Free Market Fundamentalist Opinion

Getting the Government Out of Health Care

One year after Obamacare, it’s clearer than ever that health care needs less government, not more.

On the one year anniversary of the president’s health reform effort, more Americans than ever favor repeal of “Obamacare.” That alone would not free the health insurance market from government interference, though.

Massive government intervention in the health-care industry preceded Obamacare and so distorted market incentives and competition that today, half of all health-care spending in the United States is government spending. It is why America’s health care system is broken and why more government won’t fix it.

In anticipation of Obamacare’s full implementation, private insurers are already raising premiums. Medicare and Medicaid spending are expected to skyrocket in the next decade. Medicaid alone grew by nearly 10 percent in 2009 as people lost their jobs and with it, their health insurance and because Democrats expanded coverage for children of the working poor.

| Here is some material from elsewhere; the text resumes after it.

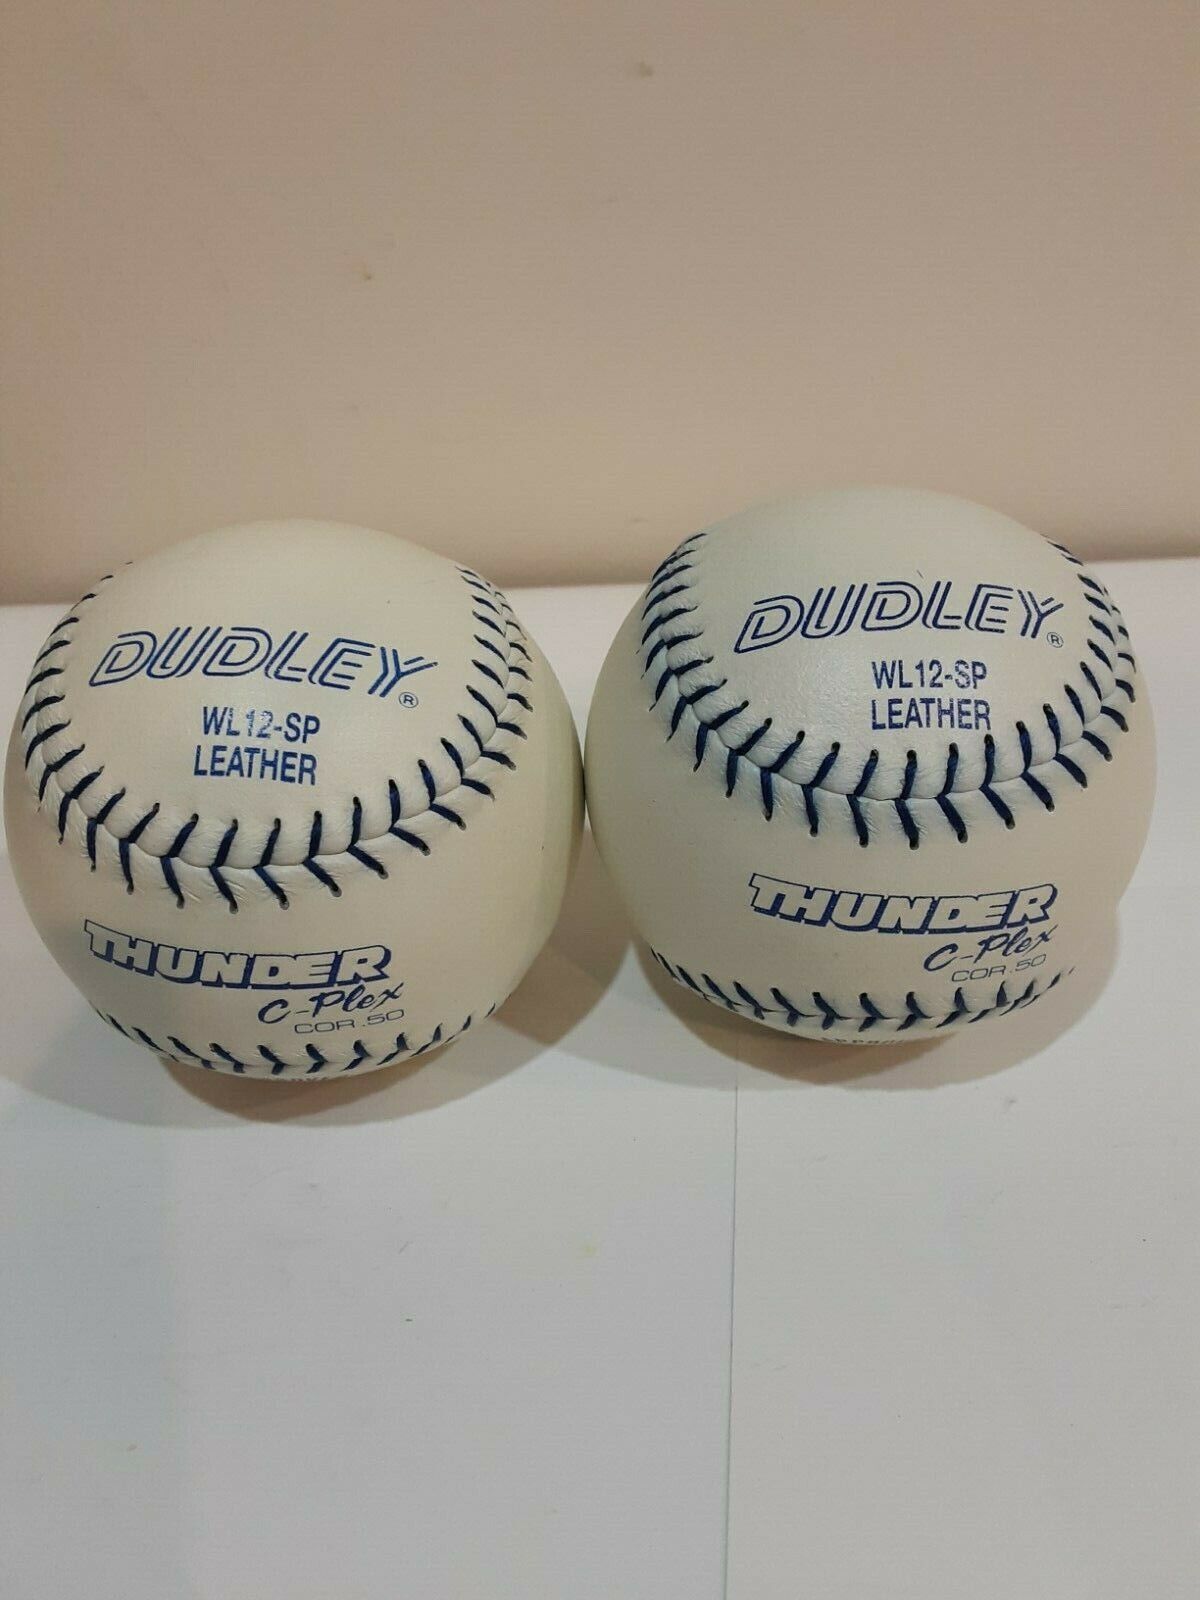 2 Nos Dudley C-plex Cor .50 Usssa Leather Softball

With tens of millions of Americans dependent on their government for health care and tens of millions more joining their ranks under the new health reform law, the entitlement mentality that presumes health care to be a “right” will likely be amplified in the years ahead.

Health care cannot be a right for it requires that others provide it. Doctors should not be forced by law to do their job if they chose not to.

There is no reason to suppose that more regulation will fix the problems caused by regulation in the first place. The only viable and the only righteous alternative is to privatize health care entirely.

As Grace-Marie Turner, president and founder of the Galen Institute said on the Fox Business Network’s Freedom Watch Wednesday, people “need to be consumers.”

If patients chose their own doctor and doctors chose their patients, people will receive the best care their money can buy, with the doctor’s voluntary consent. It might leave millions irresponsible and uninsured but without government coercion, health care can be affordable.